Grabbed profiteroles for dessert - wonderful! Two tennis ball sized gems with gorgeous ice cream and chocolate sauce; also a glass of Burgundy that had a really intoxicating nose - next time I'm going to tan a whole bottle of that, been meaning to for a while actually.

Nice to see this place such a success; it's a cheery and uplifting way to start the weekend.(August 2011)

* * *

Tom visits The Arches
I had an impromptu dinner at The Arches last night...good food.. I had a Moroccan chick pea soup to start, then baked whole sea bass - very nice. Excellent sautéed potatoes, with that dry, crisp outside. I wondered if they did those with goose fat or something but the waitress just said "deep fried in oil". Pleasingly large cheesecake to finish, and 4 glasses of Pinot Noir which I was surprised to find later on was Chilean (I thought it was French, but not a Burgundy). Looking back, it did have similarities to that Chilean drop I like to guzzle in Brocca. Checked the bill today, a bit cheeky, the 2nd two glasses were large ones - I was drinking 175s at first - no wonder I have a frigging hangover! (August 2011)

* * *

Tom eats cheese at Mill Lane Bistro
I ate alone - just a cheeseboard - in the bistro last week, and that lovely French girl came straight over to chat and explain the cheeses as if it were a tasting menu. THAT is good service and food. I was a bit miffed they were totally out of all salad items and the cod - even more annoying when the woman next to me turned out to be eating the last of the latter! (August 2011)

* * *

Tom's baffled by La Smorfia
Enjoyed the food, but there were minus points which, given the stiff competition, confuse me. The pizza was very good; really flavoursome and satisfying. One of the ingredients - anchovy - was very sparse. Admittedly this pizza (Trappola) had quite a few toppings, but the anchovy is obviously important. Still, nice food.

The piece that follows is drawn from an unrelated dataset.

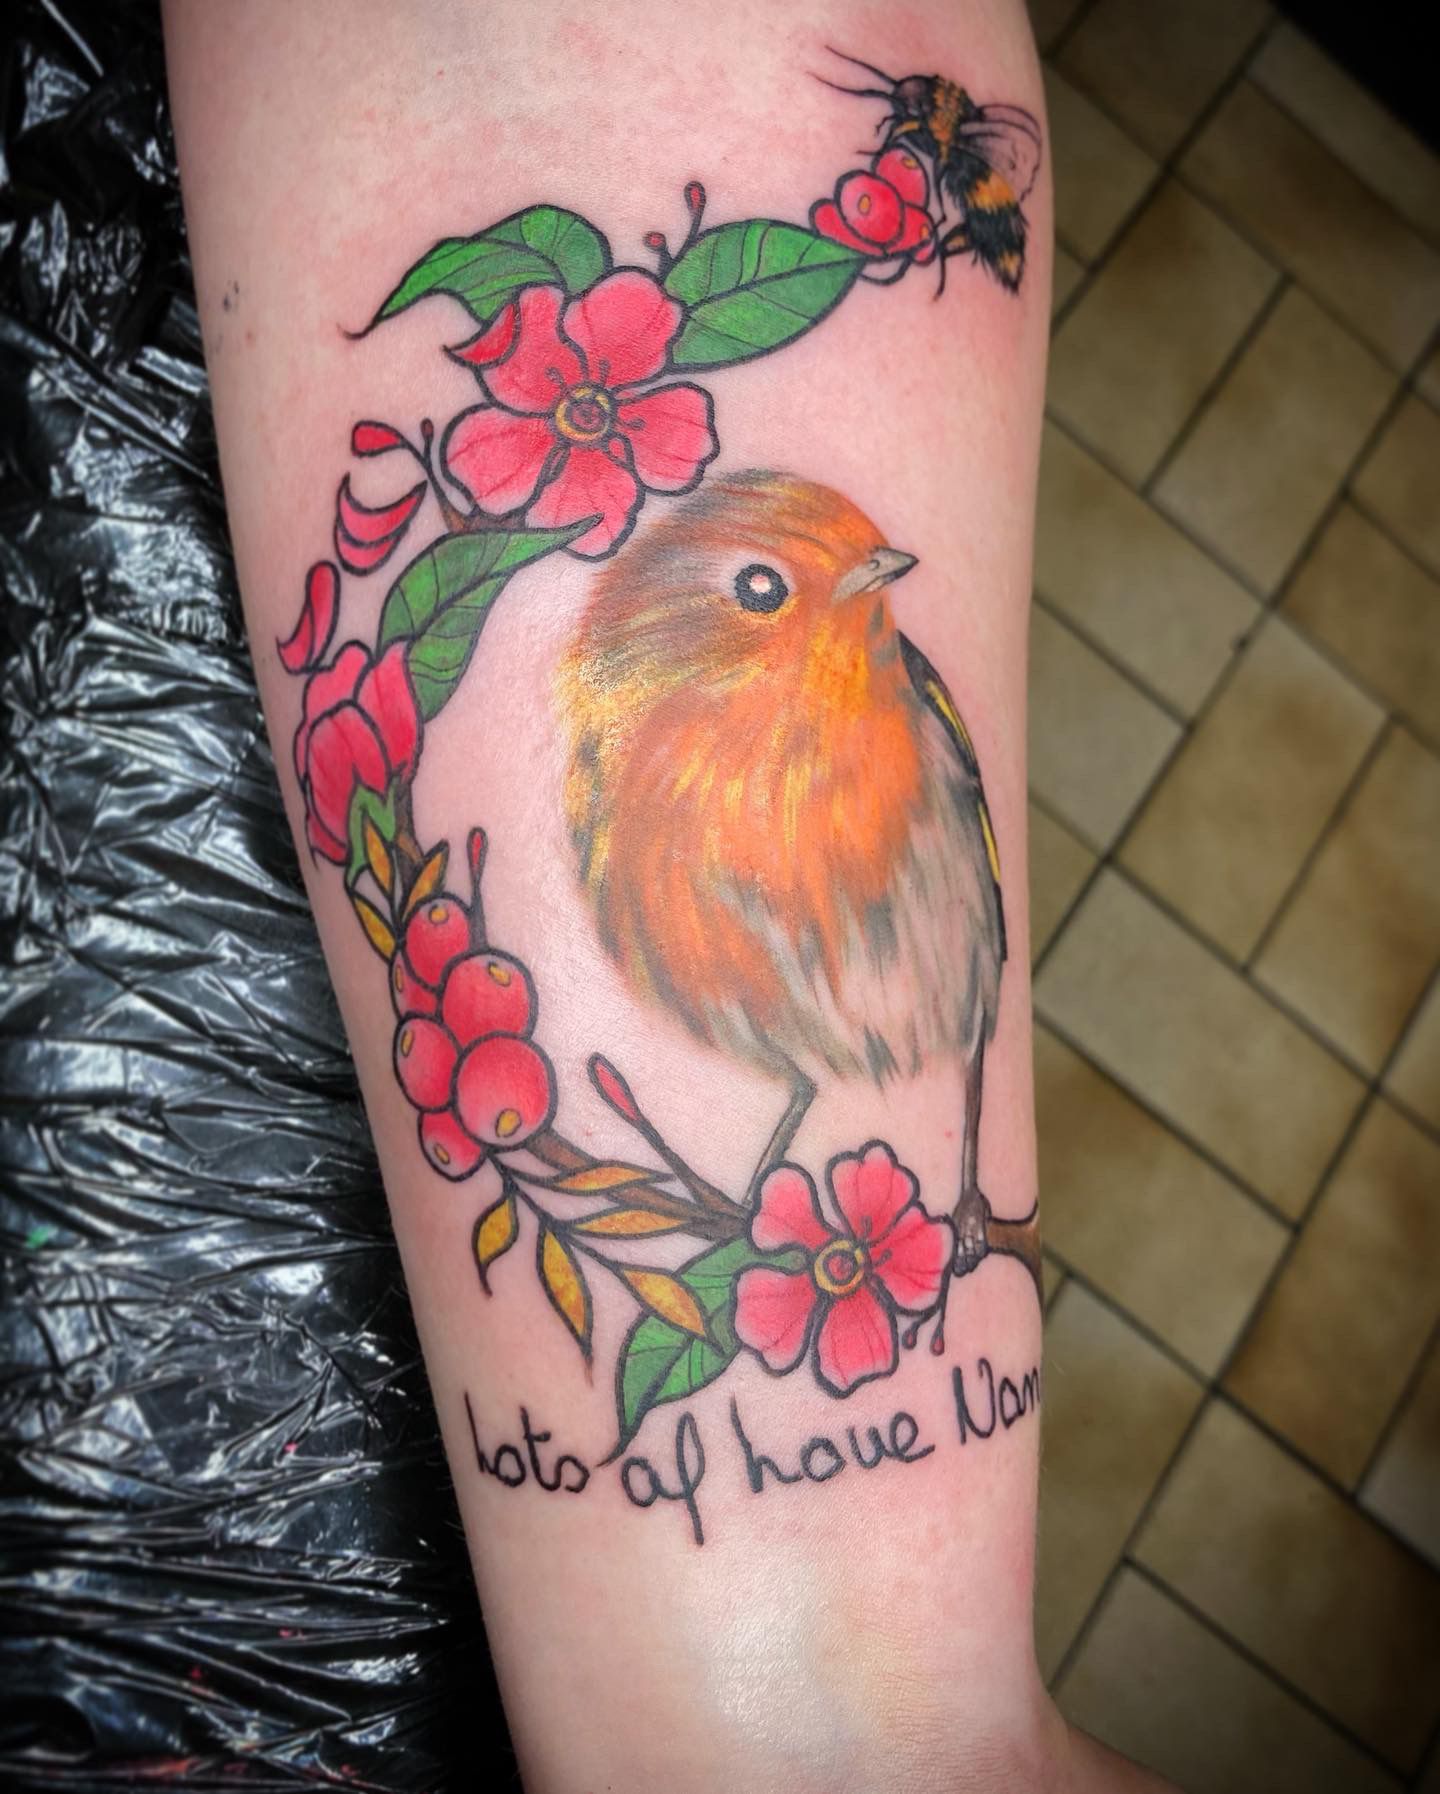 A touching memorial tattoo of, whom I assume to be, the late Queen. :  r/CasualUK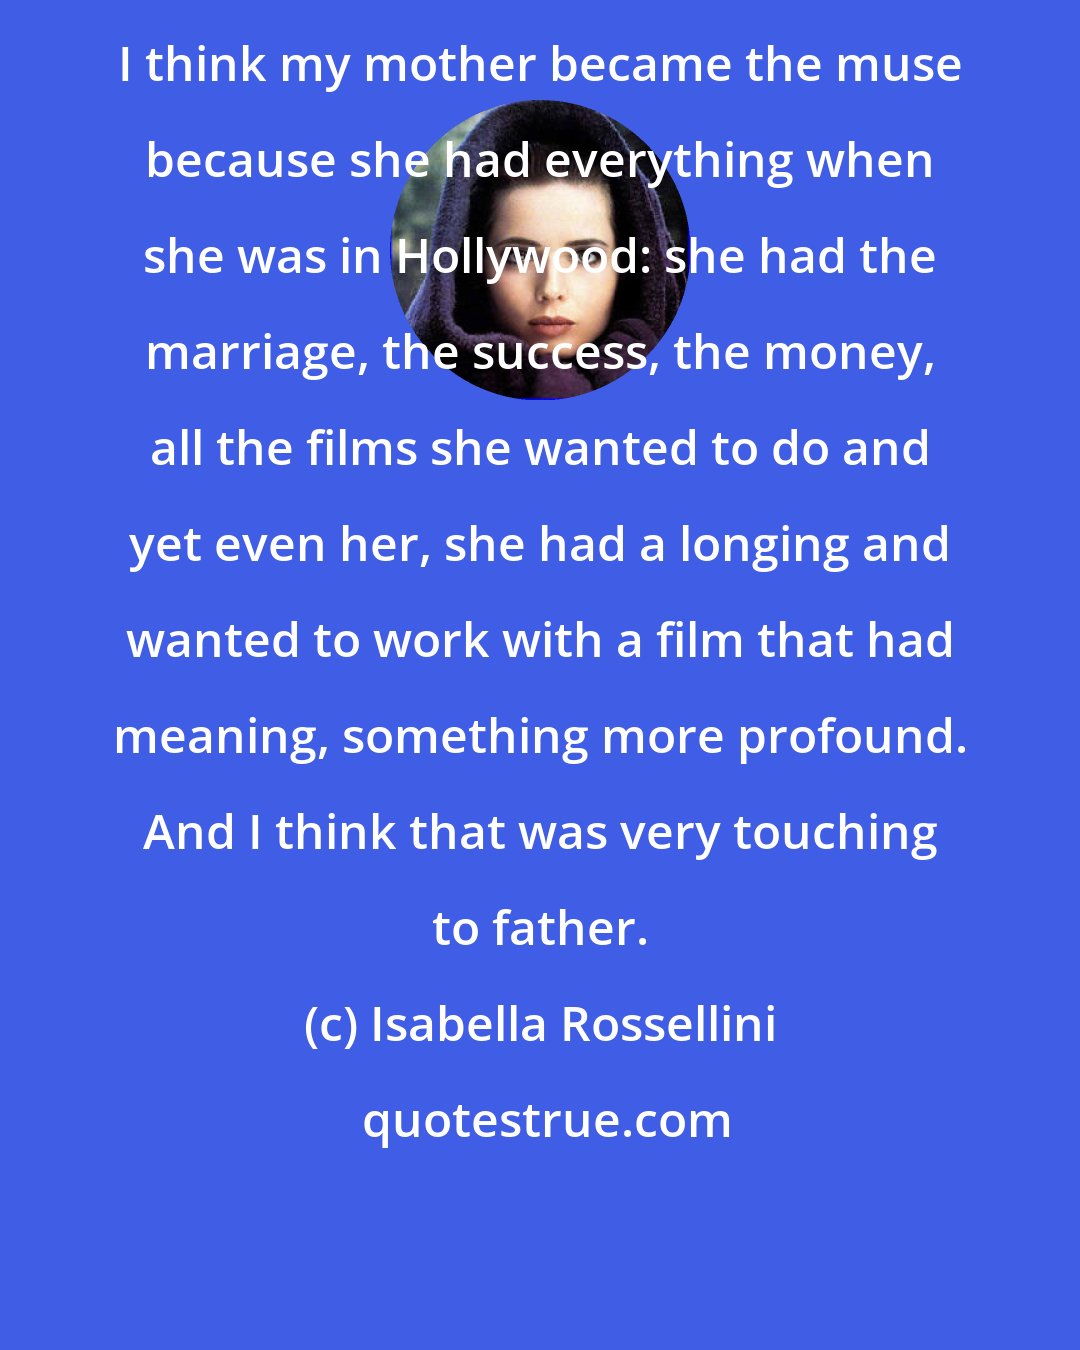 Isabella Rossellini: I think my mother became the muse because she had everything when she was in Hollywood: she had the marriage, the success, the money, all the films she wanted to do and yet even her, she had a longing and wanted to work with a film that had meaning, something more profound. And I think that was very touching to father.

Now here's my first gripe; you know my thoughts on side salads - they should not be a token gesture. I ordered a mixed salad, and there was nothing awful about it, basically it felt like some assorted leaves from a supermarket packet. They chose to lob in a few olives, pretty cheap ones. Now, I like those, I buy them, but if you're going to add olives, use proper marinated ones or something. Further, the tomato slices were completely flavourless and out of the fridge. If you go to a restaurant, surely you want it to be as good as, or better than, what you'd do at home? And not just 'good', but interesting. I fail to understand how things like this are given such lack of thought. I am fussy, but this is West Hampstead - the competition is out there and I would guess that other locals would be similarly interested in detail.

Strada have done great side salads on most occasions, and you also get a salt mill with either rock or sea salt - again makes a difference. I had no salt at all on my table.

Nice big glass of pleasing house wine. Good but somewhat blank-faced service - certainly didn't strike me as "ooh - new customer - let's pull the stops out" - though a free little bruschetta bite was appreciated.